## Assigned task
Would you retype the whole listing verbatim, keeping pictures out of it?

## Provided data
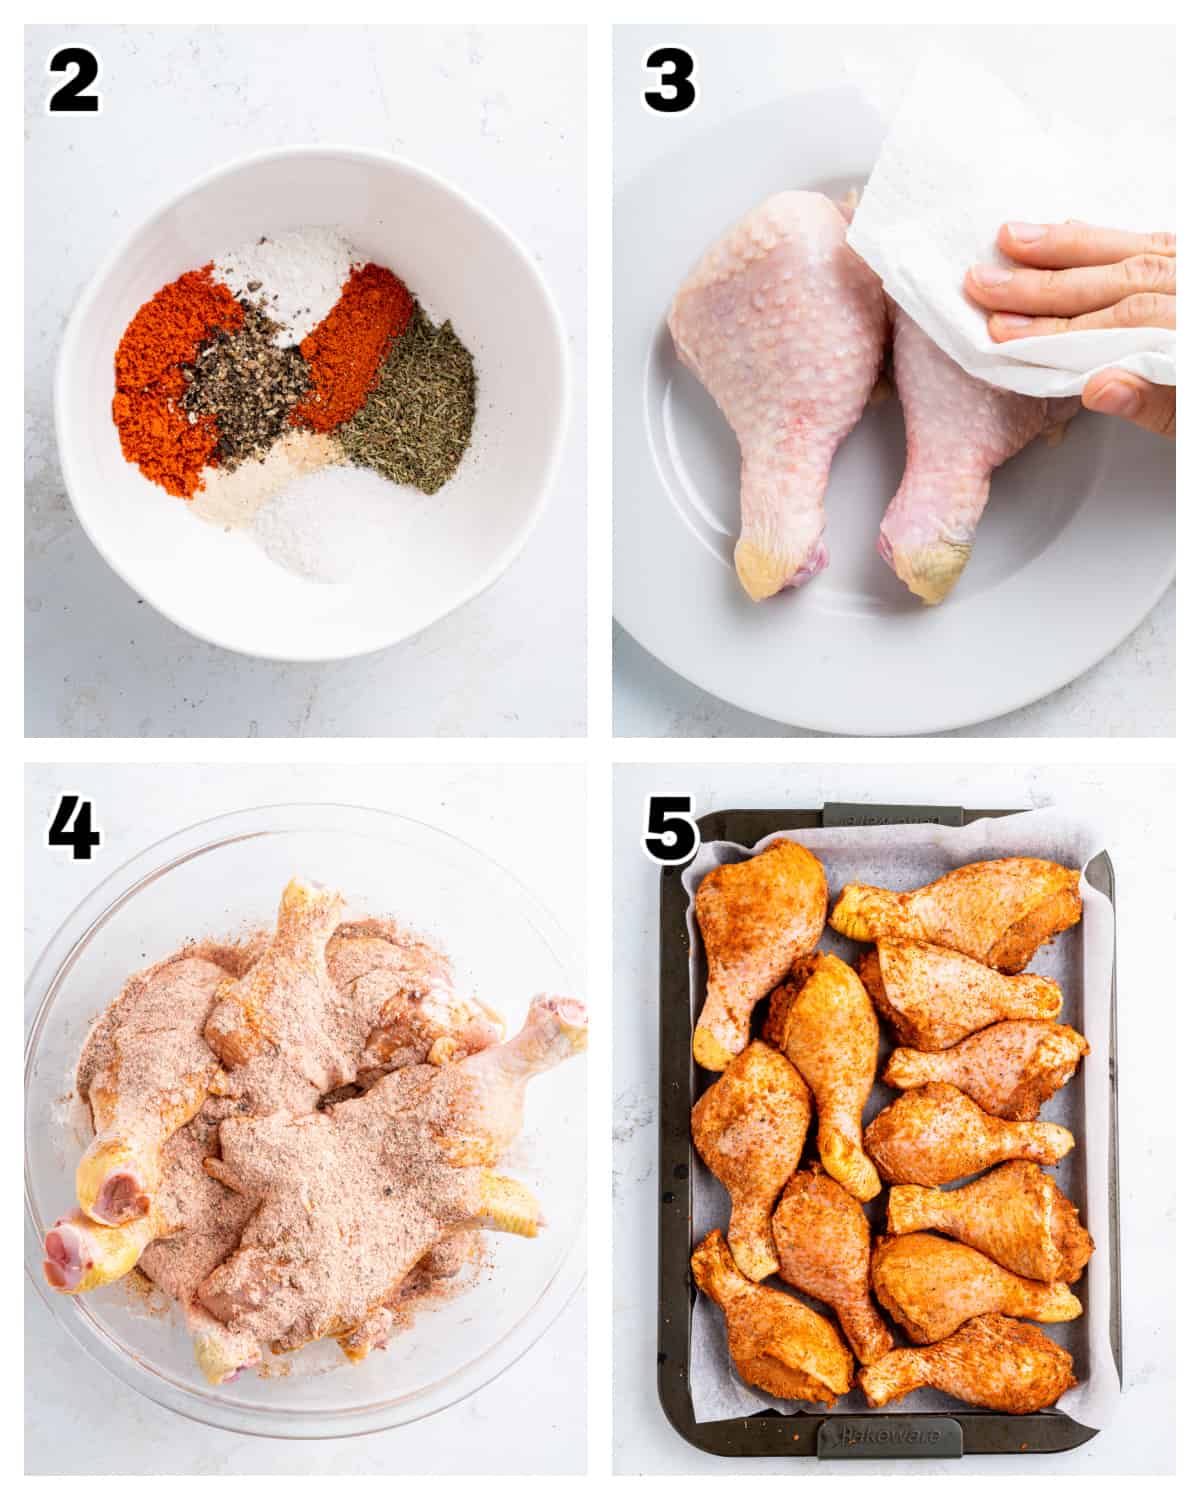 food, with Baked BBQ Chicken Legs
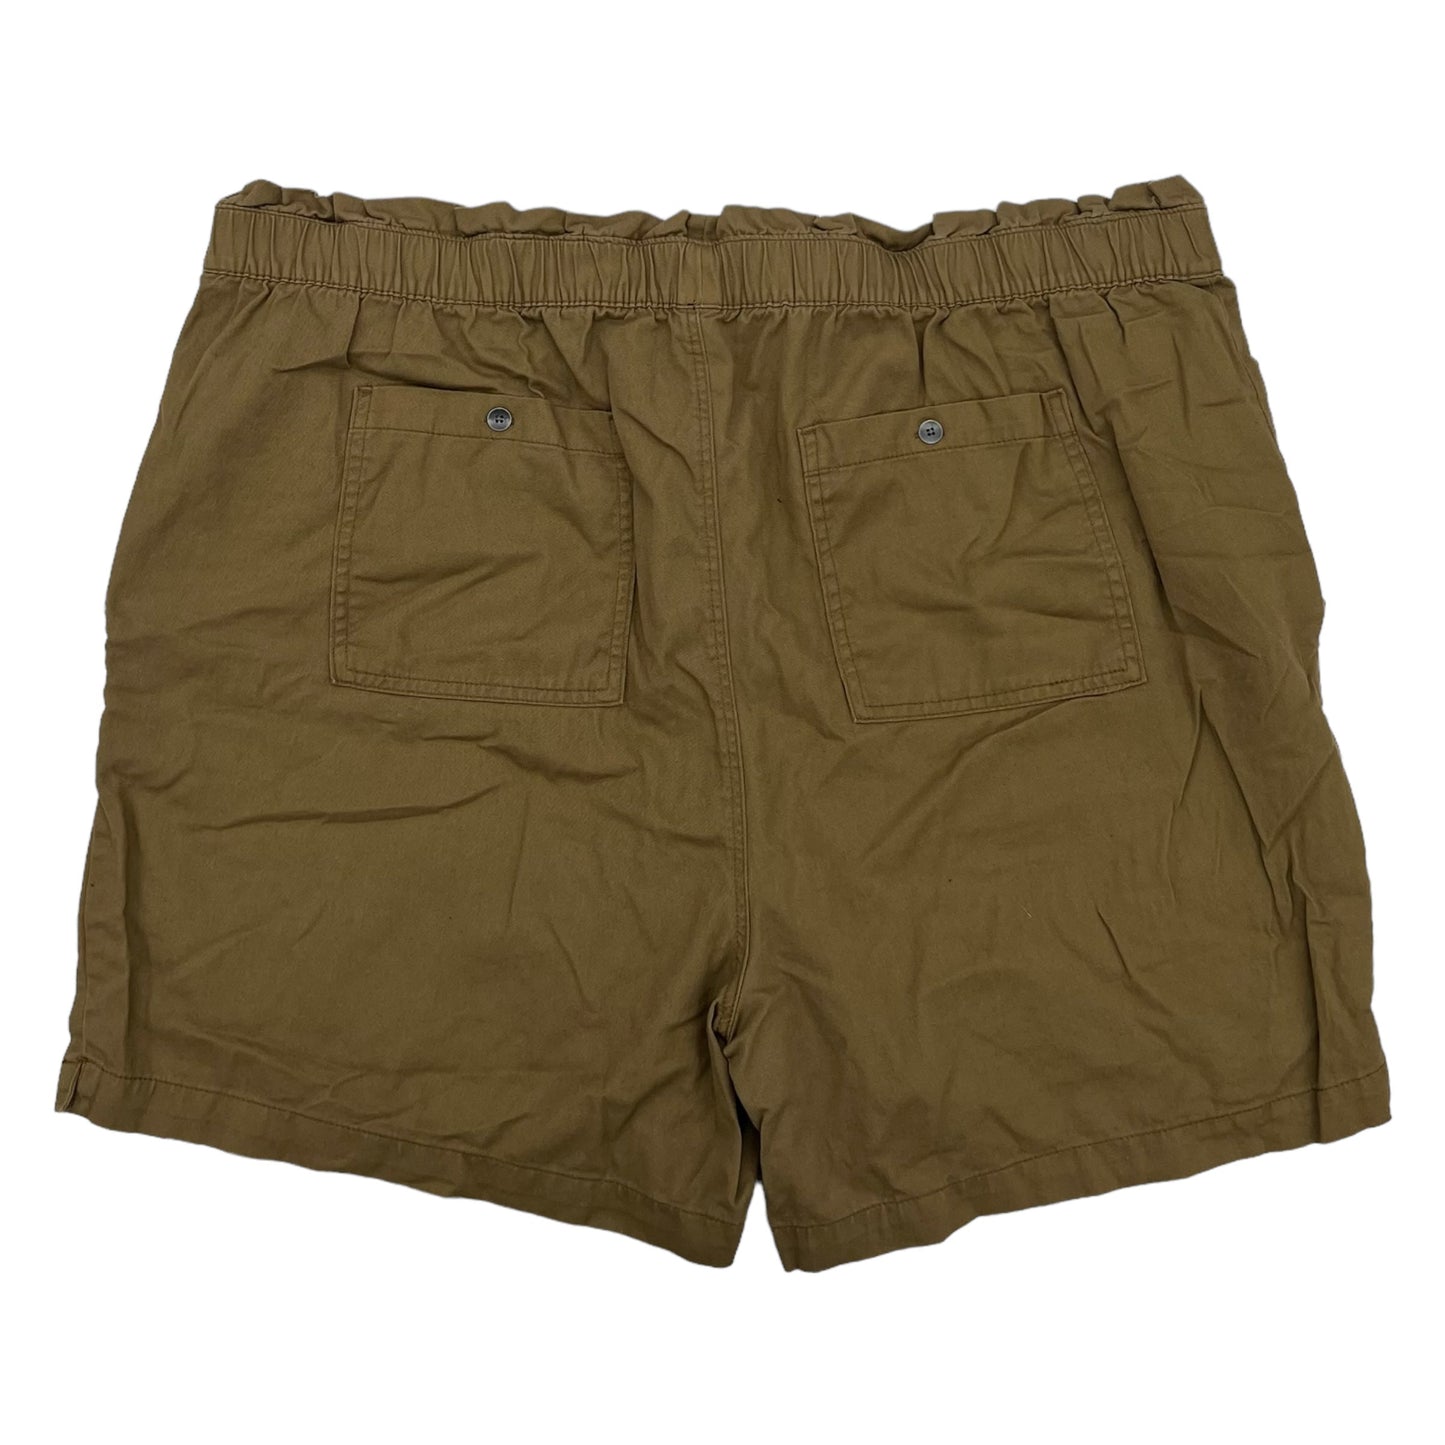 Shorts By Old Navy  Size: Xxl
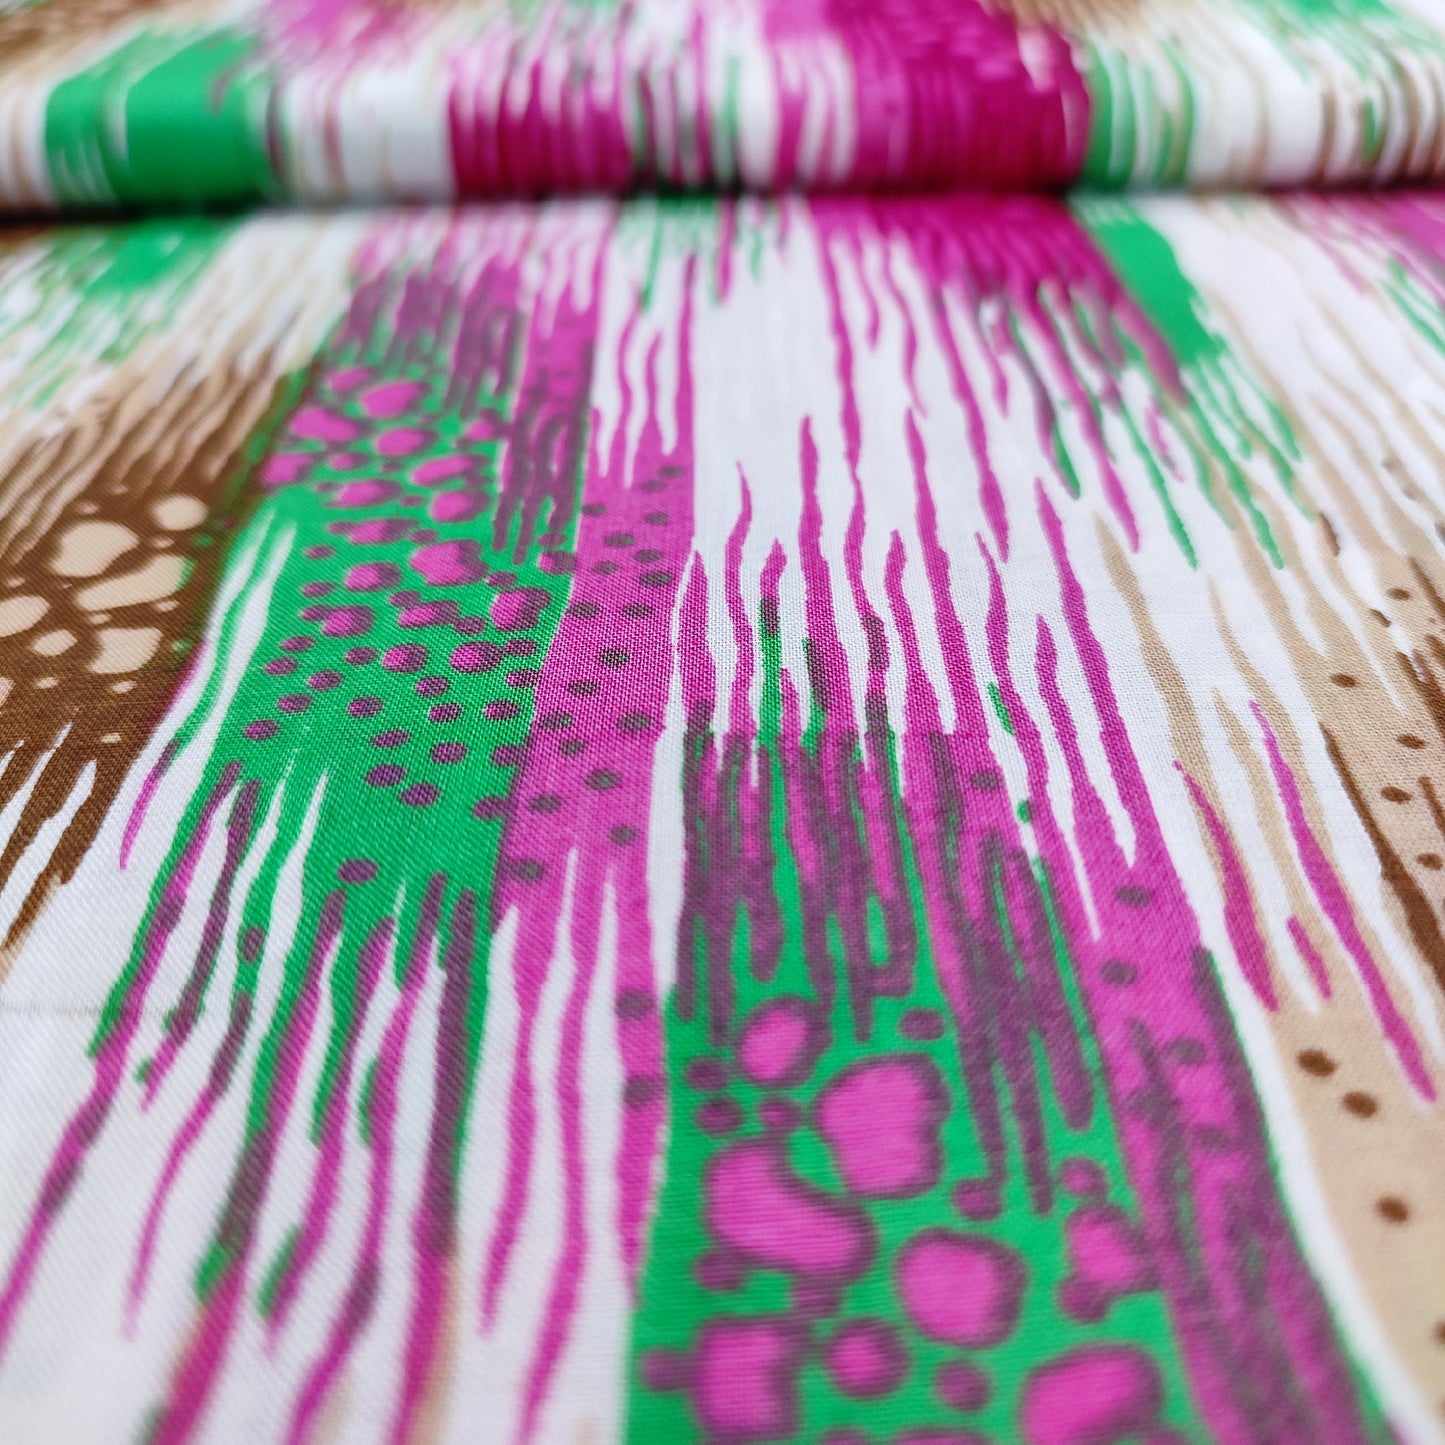 Abstract Colorful Printed Cotton
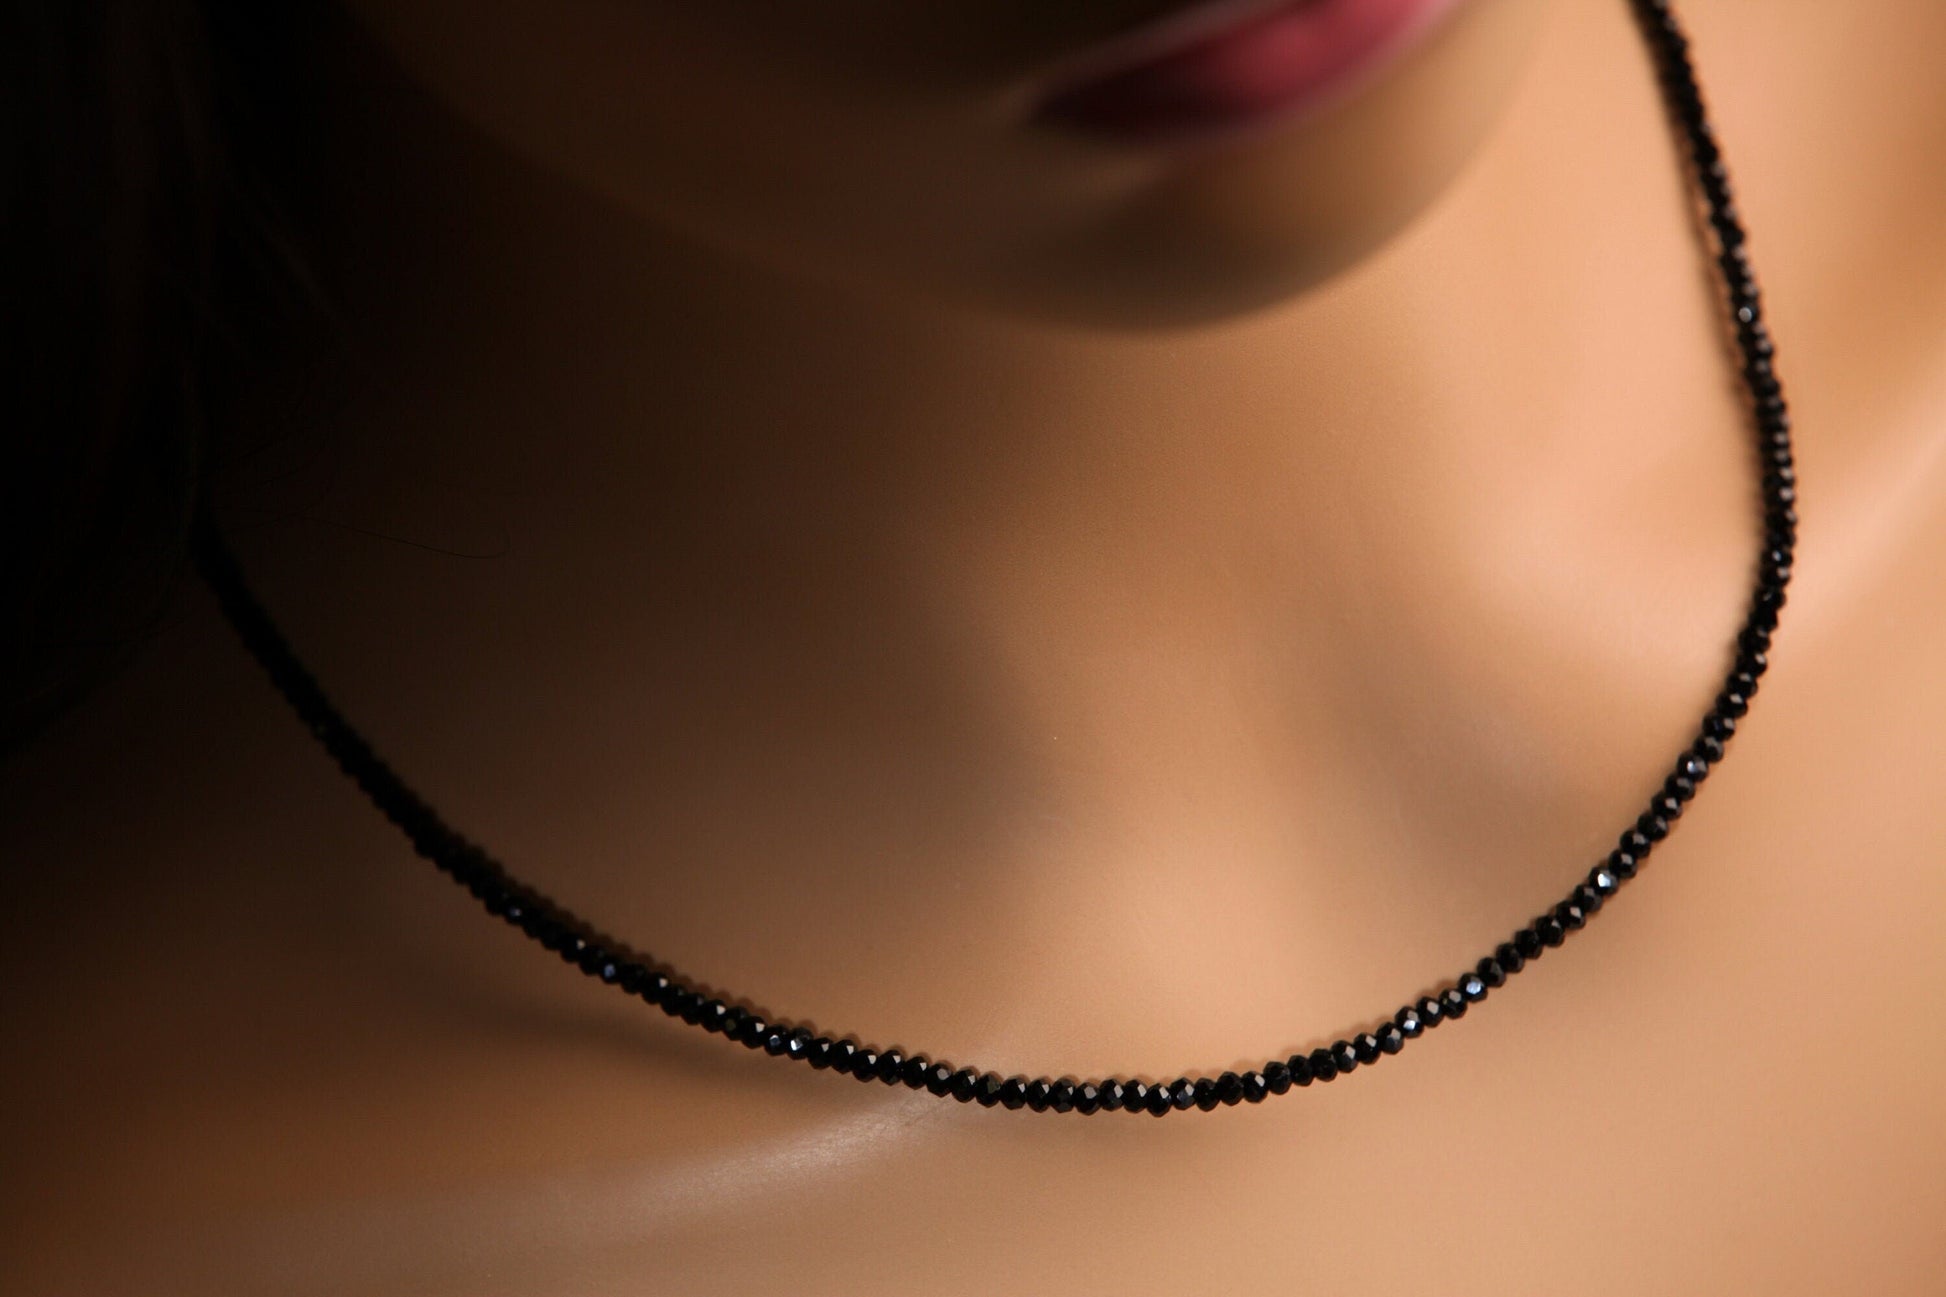 Natural Black Spinel Micro Faceted 3mm Diamond Cut 925 Sterling Silver Choker Layering Necklace Minimalist, Layering Necklace 14&quot; to 40&quot;

## Solution for this task
 food, with Baked BBQ Chicken Legs
 Shorts By Old Navy  Size: Xxl
 Abstract Colorful Printed Cotton
 Natural Black Spinel Micro Faceted 3mm Diamond Cut 925 Sterling Silver Choker Layering Necklace Minimalist, Layering Necklace 14&quot; to 40&quot;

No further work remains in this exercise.